Tuesday, March 12, 2013

Germany: The Price of Stability?

My colleague, Fernando Martin, has an interesting chart that plots the real per capita GDP of five industrialized countries since 1991:

 
The data above are expressed as percentage deviations from the U.S. level in 1991, with the initial position calculated using PPP converted GDP per capita from the Penn World Tables. Thus, in 1991, the U.K. is estimated to have had a real per capita income that was 30% lower than the U.S. Germany's real per capita income was only 10% lower than the U.S. in 1991, and so on.

Each of these countries experienced a similar decline in output during the most recent recession. But only Germany has the recession been "temporary." That is, only in Germany has real per capita income returned to its pre-recession trend. The other four countries exhibit persistent "output gaps"--their real per capita income remains below their respective pre-recession trends. Ah, Germany. All hail that Teutonic economic juggernaut.

But just hold on a second. While it is true that Germany appears to have weathered the economic storm better than others, it seems to have done so at considerable cost.

From 1991-2007, German real per capita income grew at a paltry 1.3% per annum. Compare this to the U.S. (2.1%), Canada (2.2%), France (1.6%), and the U.K. (2.9%). These are huge differences in long-run growth rates. In particular, while German income was only 10% below that of the U.S. in 1991, it is presently about 18% below U.S. income. That's called falling behind (albeit, at a steady pace).

And yes, the U.K. presently looks ugly. But it looks considerably less ugly when we take into account the growth record. In 1991, real per capita income in the U.K. was 20% below that of Germany. Just prior to the recession, the U.K. had just about closed that gap. Of course, things have not looked good for the U.K. snce then.
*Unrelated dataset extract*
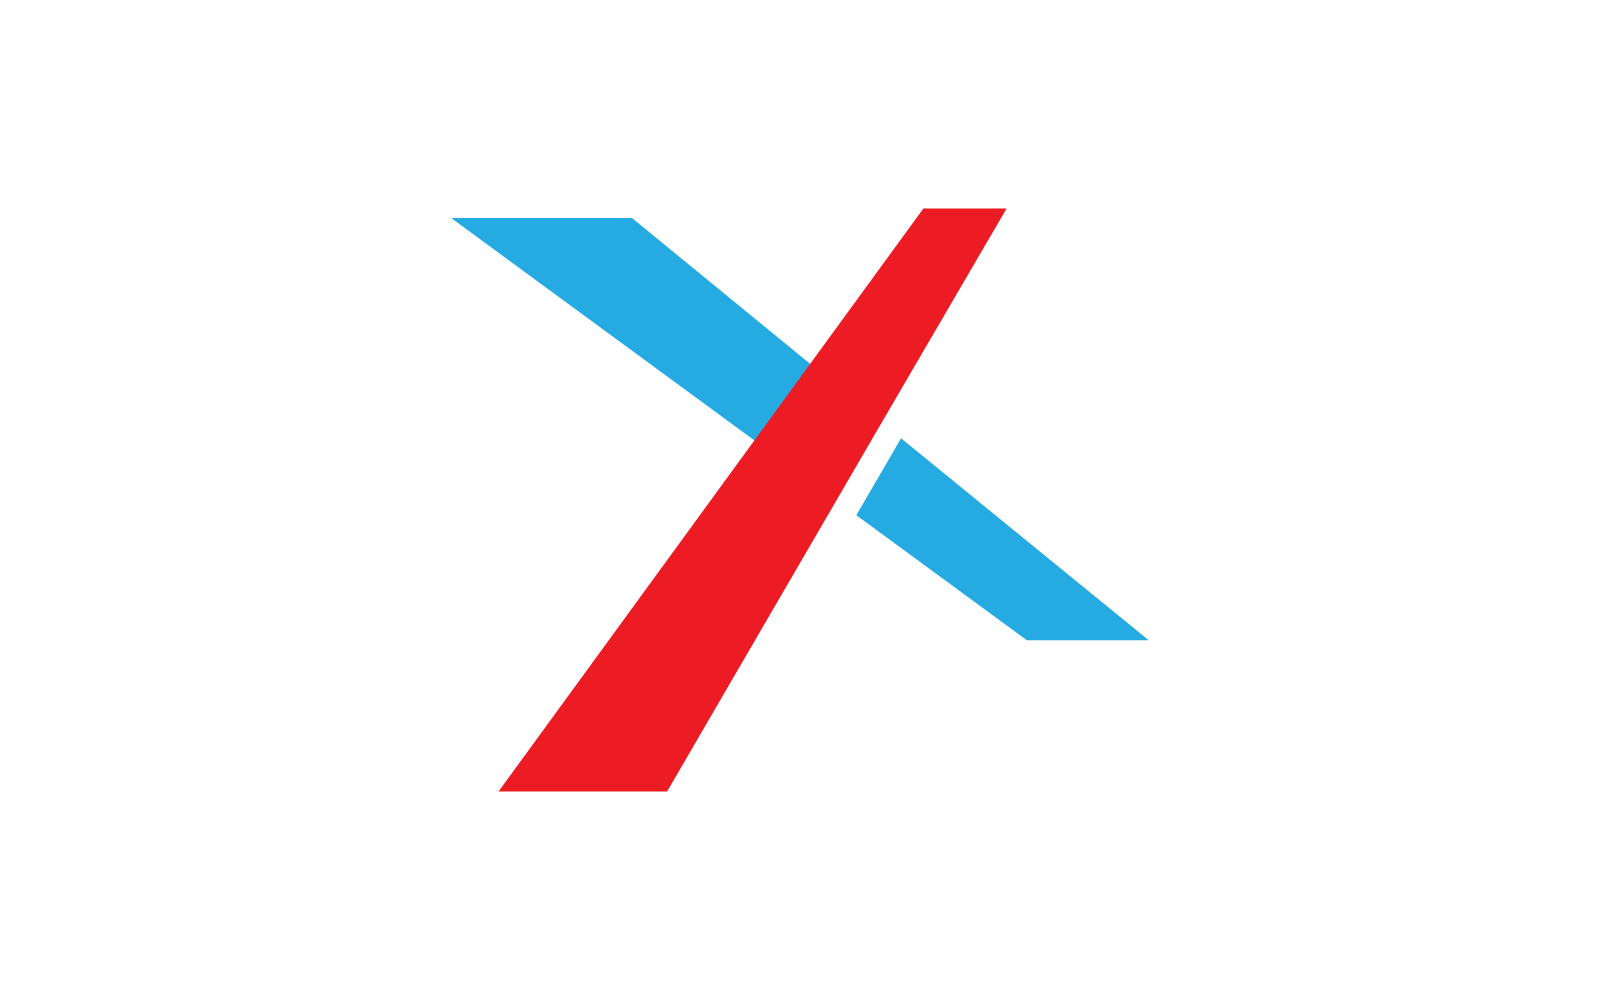 Diseño plano vectorial de plantilla de logotipo de letra X

Fernando and I are also led to speculate on the role played by monetary policy for shaping the economic recoveries of these nations. France and Germany, as members of the EMU, operated under the same monetary policy--and yet, their recovery dynamics look very different. Also, since inflation was pretty low over this sample period, real and nominal GDP look practically the same. So for the NGDP targeters out there: it appears that German NGDP is back on target, but not French NGDP. Care to comment?

Moreover, out of this set of countries, only the U.K. has experienced a significant rise in inflation (and hence, NGDP). It's not exactly clear from this data how this "looser" monetary policy has contributed to a more rapid recovery dynamic (although, as usual, we have to be careful because many other things are happening, especially on the fiscal front).
 

20 comments:

  1. David,

    "So for the NGDP targeters out there: it appears that German NGDP is back on target, but not French NGDP."
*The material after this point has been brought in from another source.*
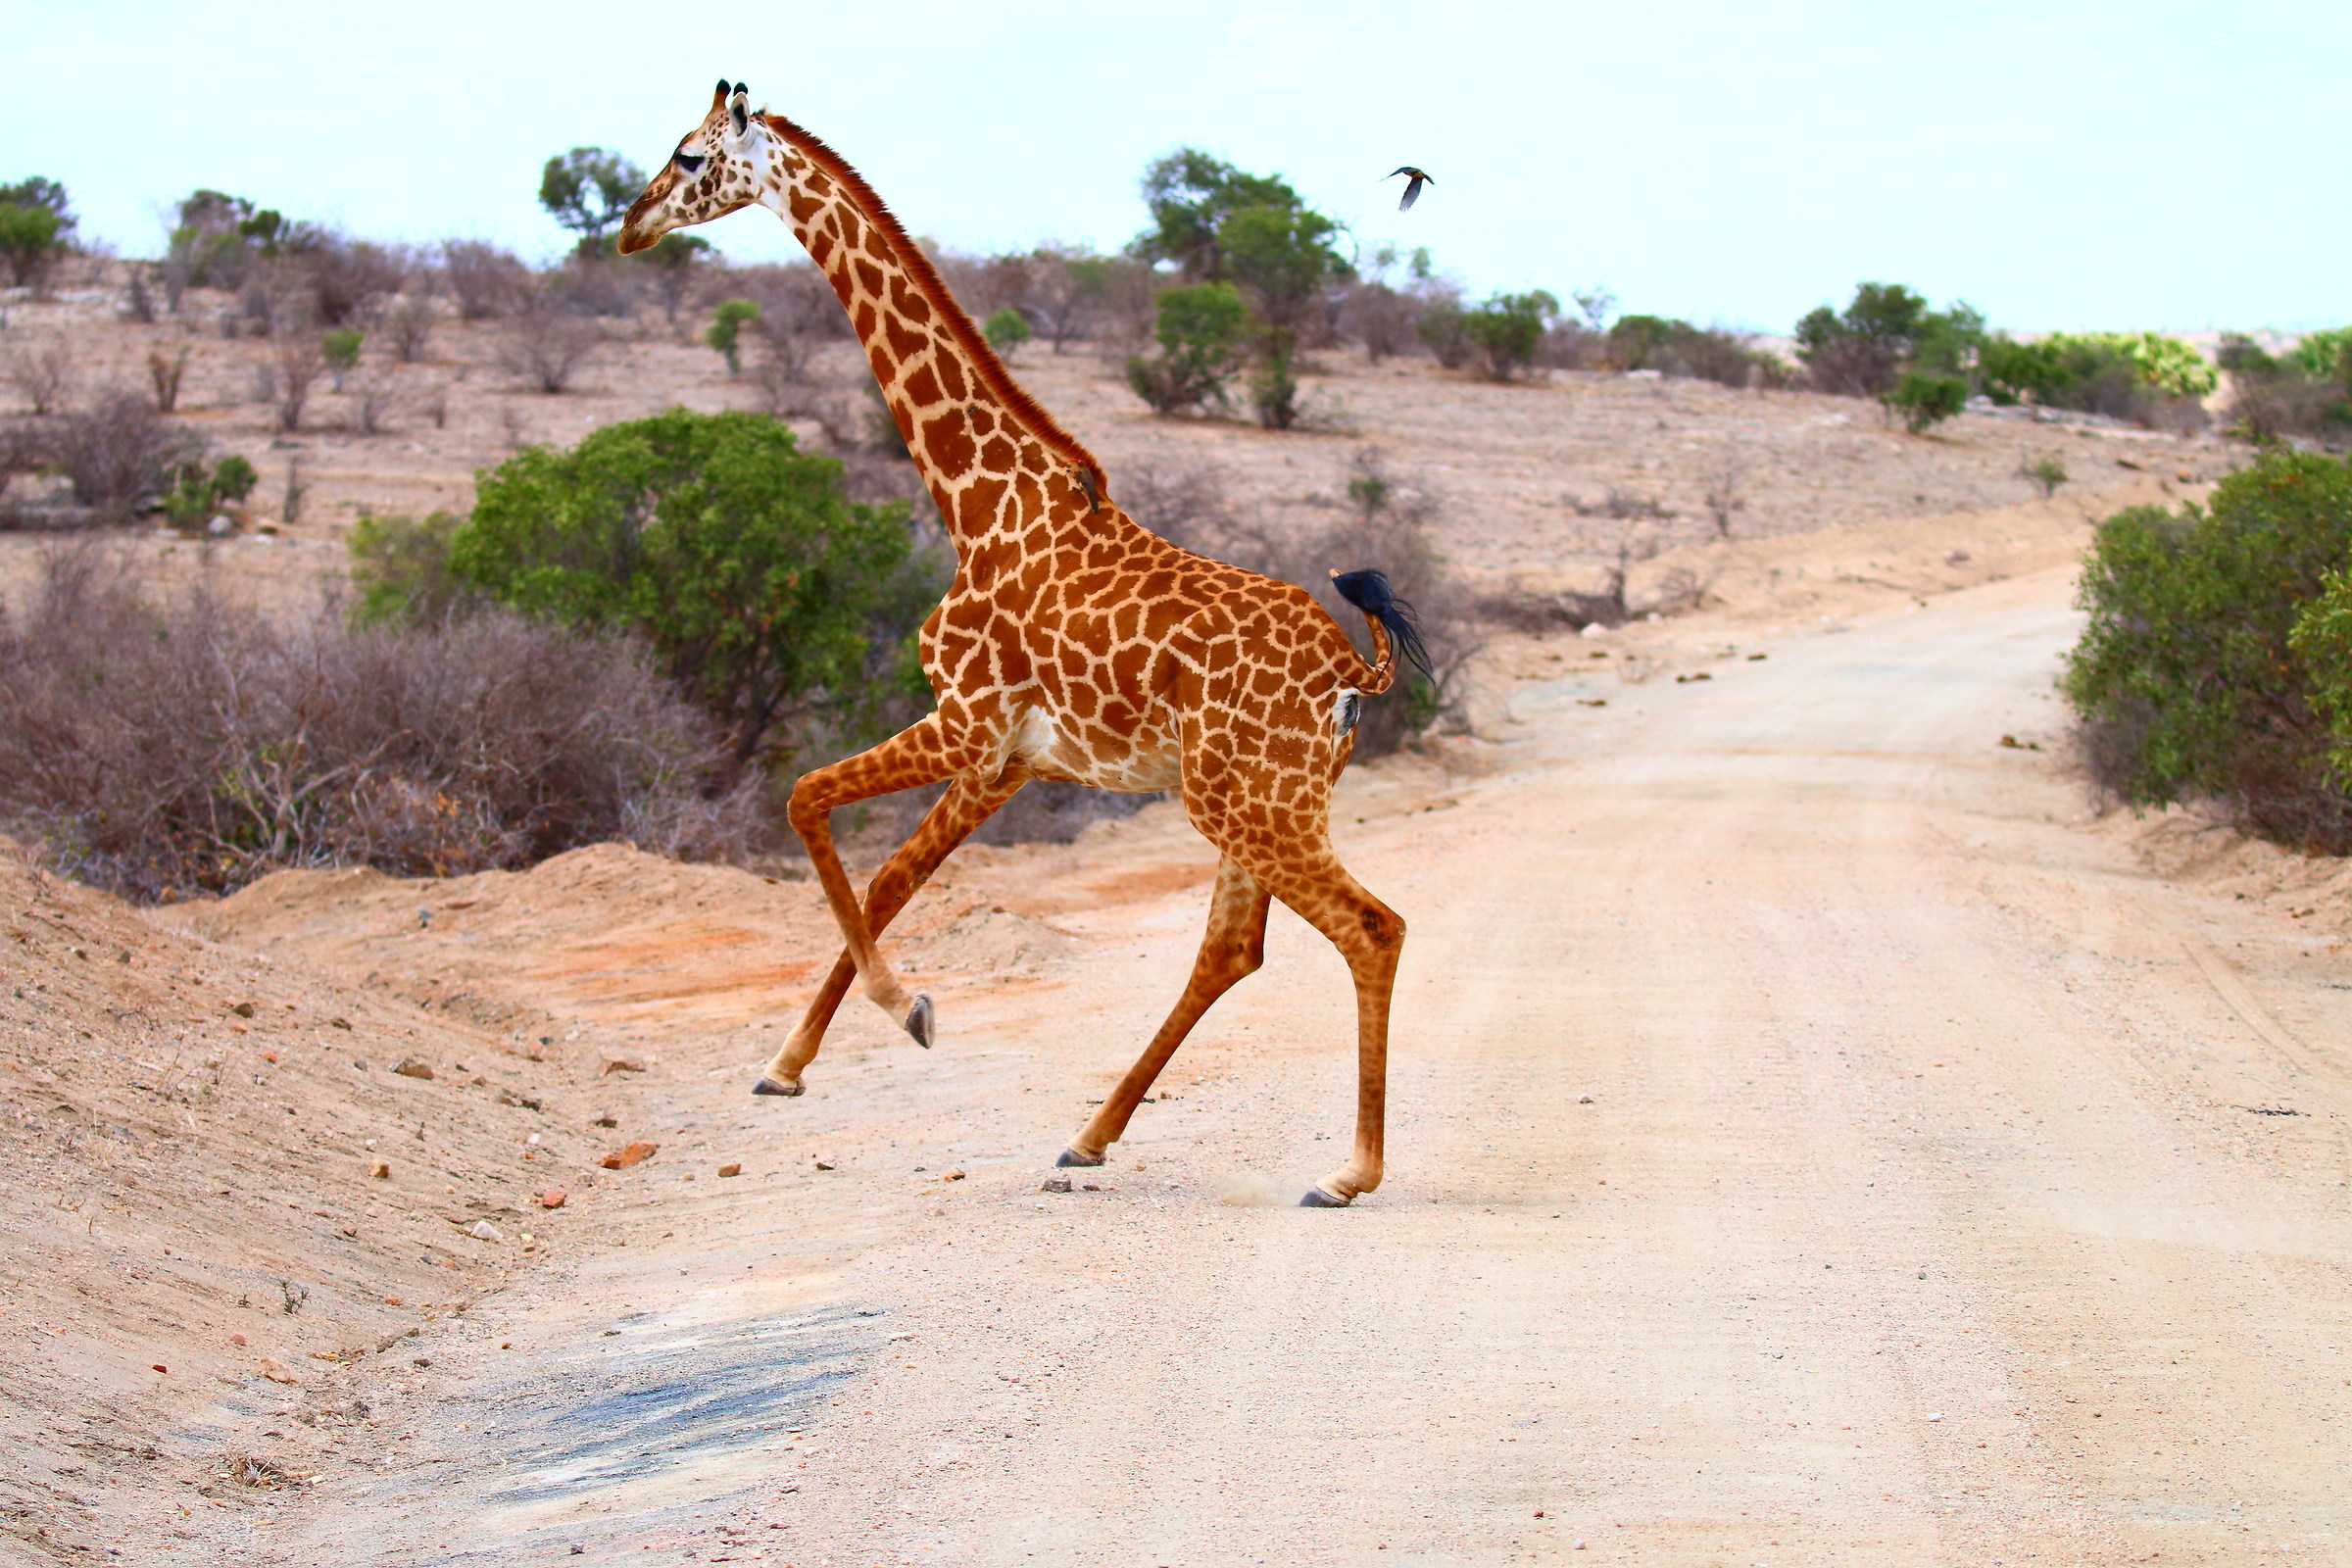 Prima giraffa...
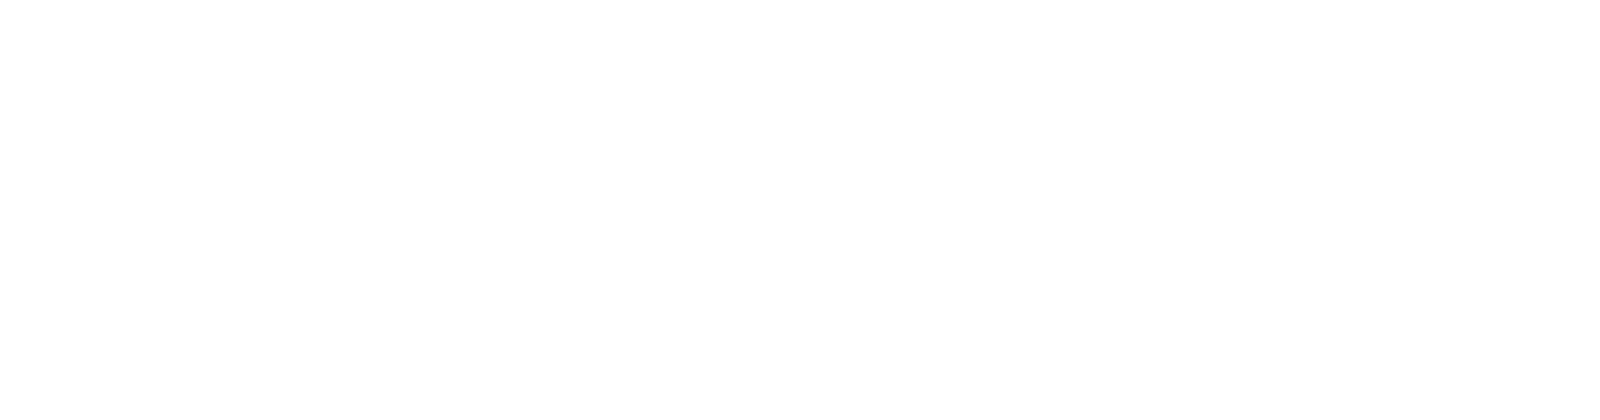 Dunton Environmental

    I wouldn't necessarily call myself an "NGDP targeter", but I'll still have a go...

    No matter what your nominal target, to the extent that two regions don't constitute an optimal currency area, I don't see any reason why you would expect to be able to hit your target in both regions. If the natural rate is lower in France than in Germany, then a compromise policy will necessarily be too tight for France and too loose for Germany. If frictions in goods, capital and labor markets are low, then arbitrage might equalize those natural rates. But then, some capital (land) doesn't move under most circumstances, so even then returns may not be equalized across regions. I don't see how changing the nominal target can help us here.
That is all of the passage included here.